When you go on the Web to find a firm’s beta, you do not know how recently it was computed, what index was used as a proxy for the market portfolio, or which time series of returns the calculations used. Earlier in this chapter, it was shown that when we went on the Web to find a beta for AT&T, we found the following: MSN Money (0.53), Yahoo! Finance (0.38), and Zacks (0.54).

An alternative is to compute beta yourself. A common estimation procedure is to use 60 months of return data and to use the S&P 500 Index as the market portfolio. You can obtain price data for a company and for the S&P 500 Index for free from websites like Yahoo! Finance. Using monthly prices, you can compute the monthly returns, as (Pn − Pn-1) / Pn-1. Following are 60 monthly returns for AT&T and the S&P 500 Index. You can use these returns to compute AT&T’s beta. A spreadsheet, like Excel, can run a regression (go to Tool menu, select Data Analysis, and then Regression). Select AT&T returns as the y variable and S&P 500 Index return as the x variable. The coefficient for the x variable is the beta estimate. The regression will provide all the statistical information you might like.

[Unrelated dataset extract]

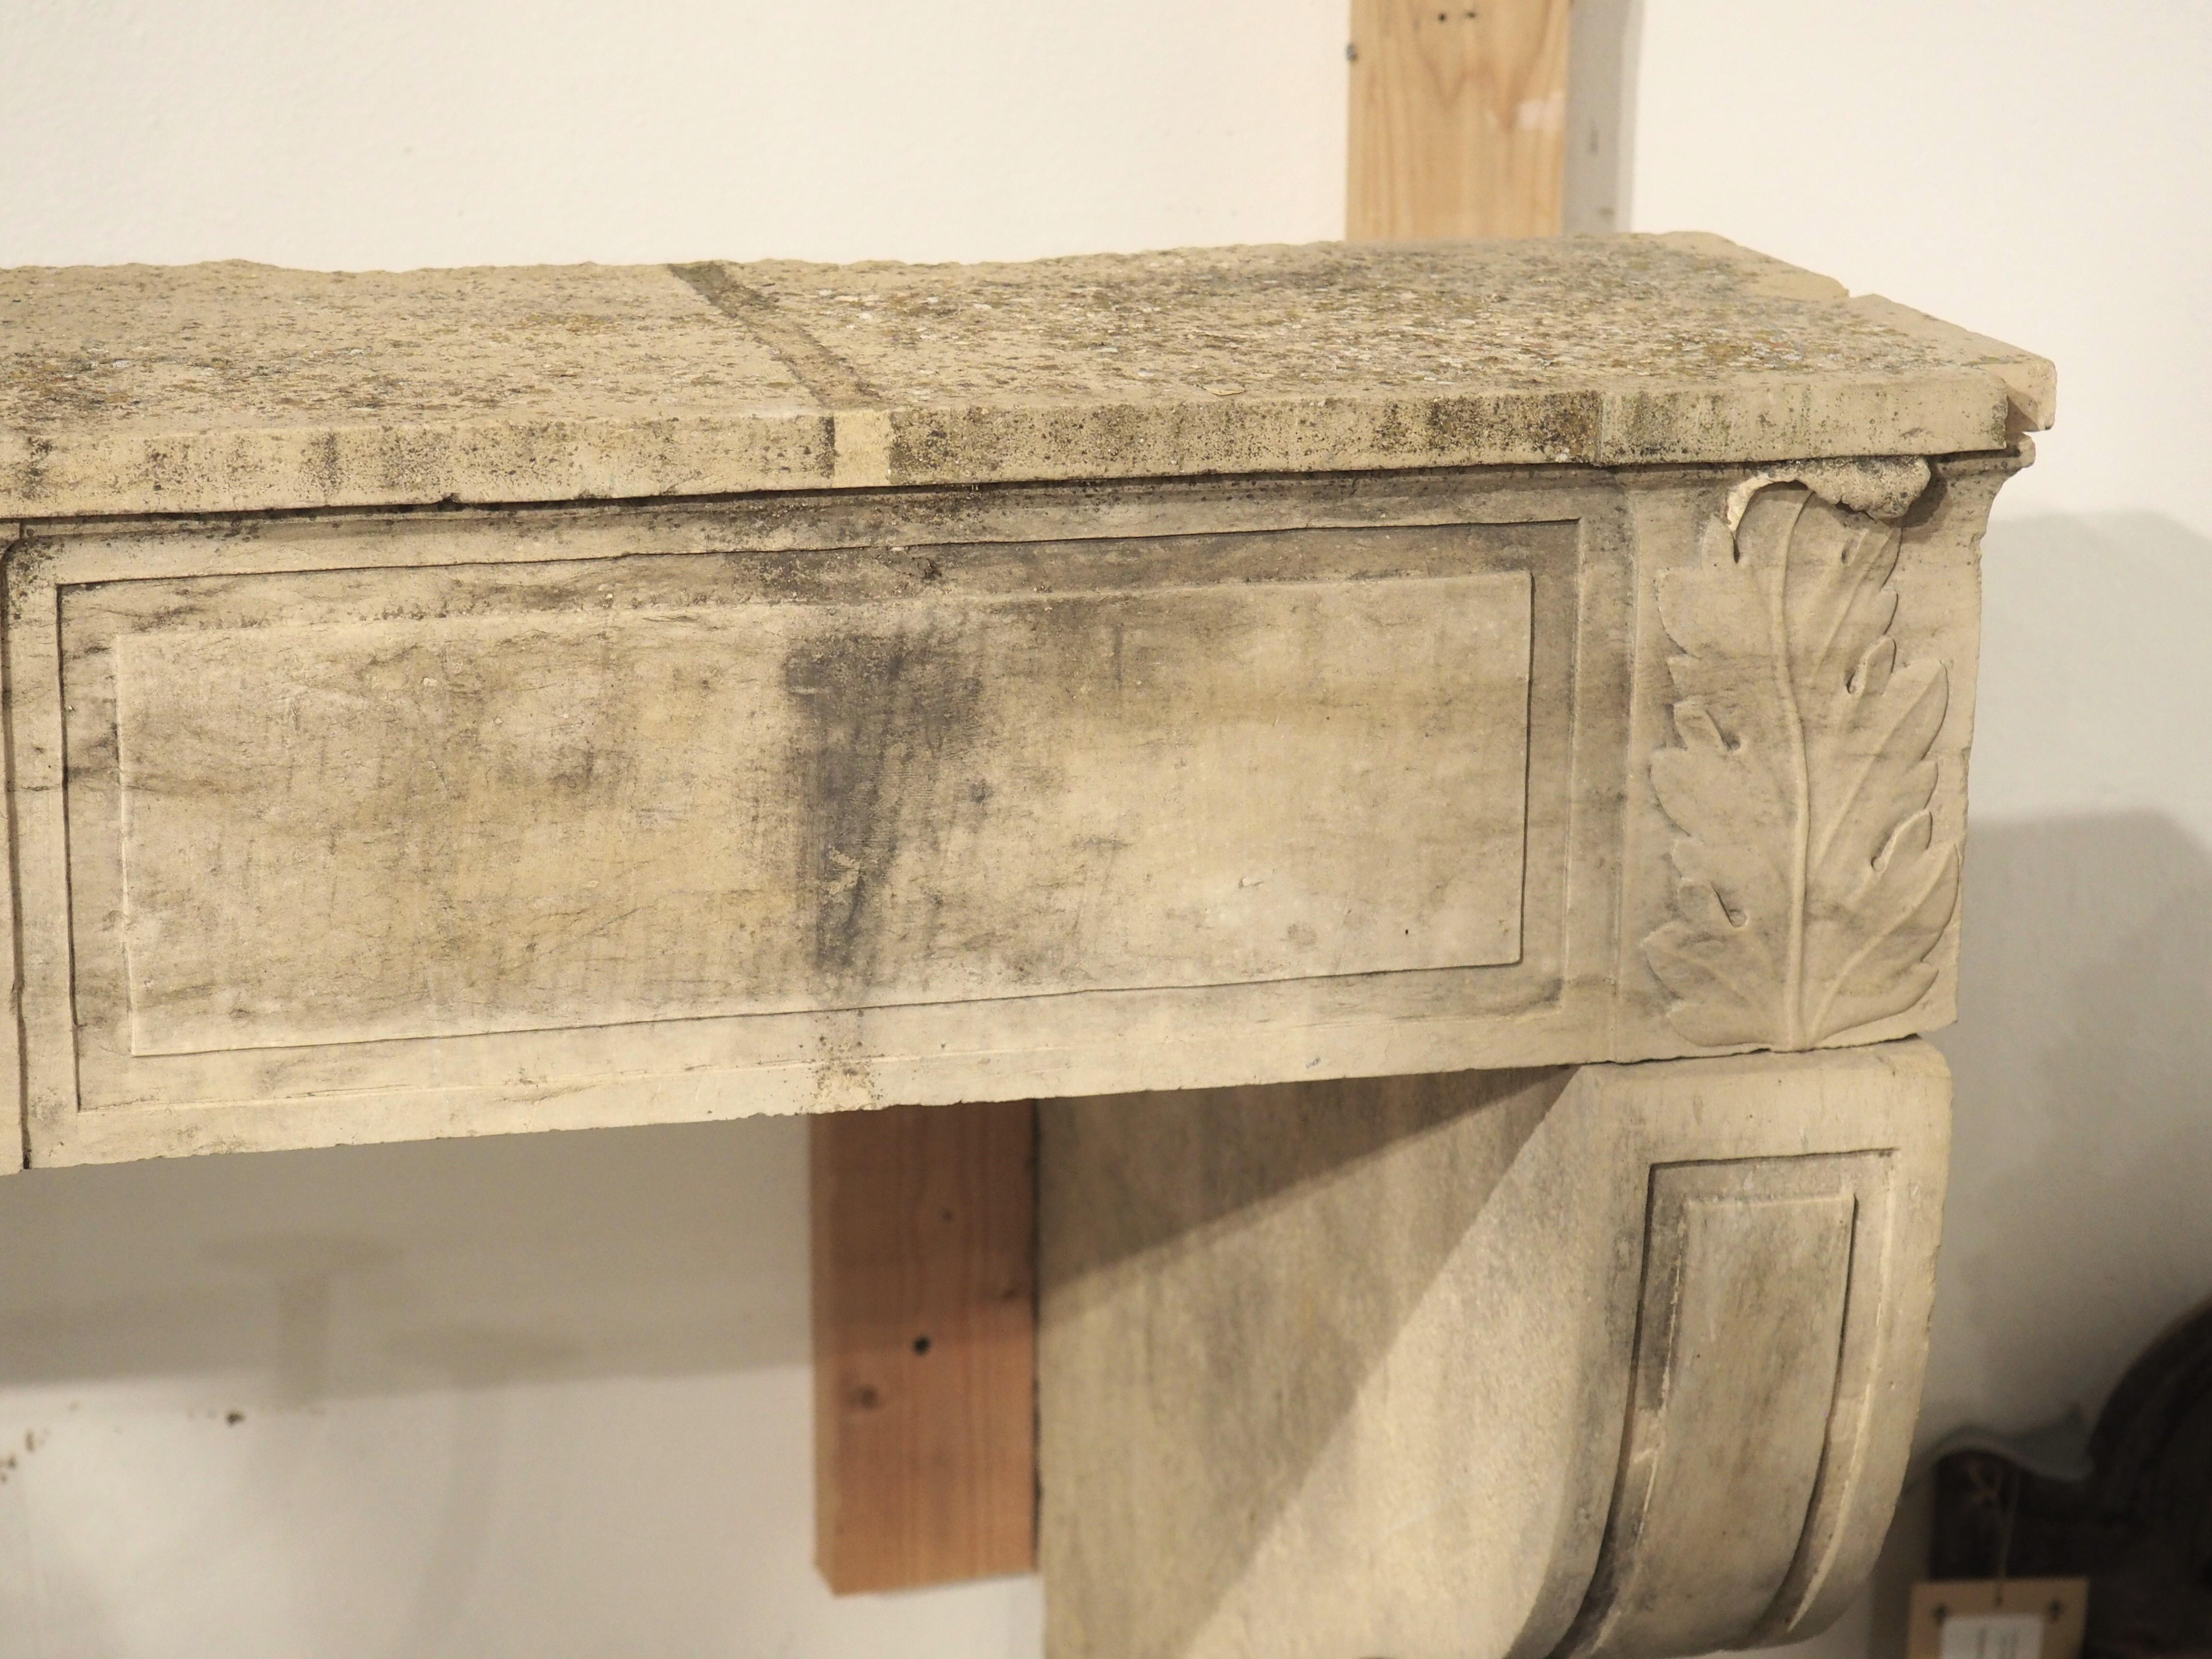 Dieser aus fünf Teilen handgeschnitzte Kaminsims aus Kalkstein stammt aus der Gemeinde Beaune im Osten Frankreichs. Die Schnitzereien stammen aus der Zeit um 1785 und sind eindeutig aus der Zeit Ludwigs XVI., vor allem das Medaillon in der Mitte und

However, if you only want beta, you can simply use the SLOPE function in Excel. Or, you may have learned to run a regression using statistical software.
a. Compute AT&T’s beta using the returns listed.
b. Compare your estimate with the ones found on the Web as listed.
c. How different are the required returns using these betas? Compute required return using each beta (assume that the risk-free rate is 5 percent and the market return will be 13percent).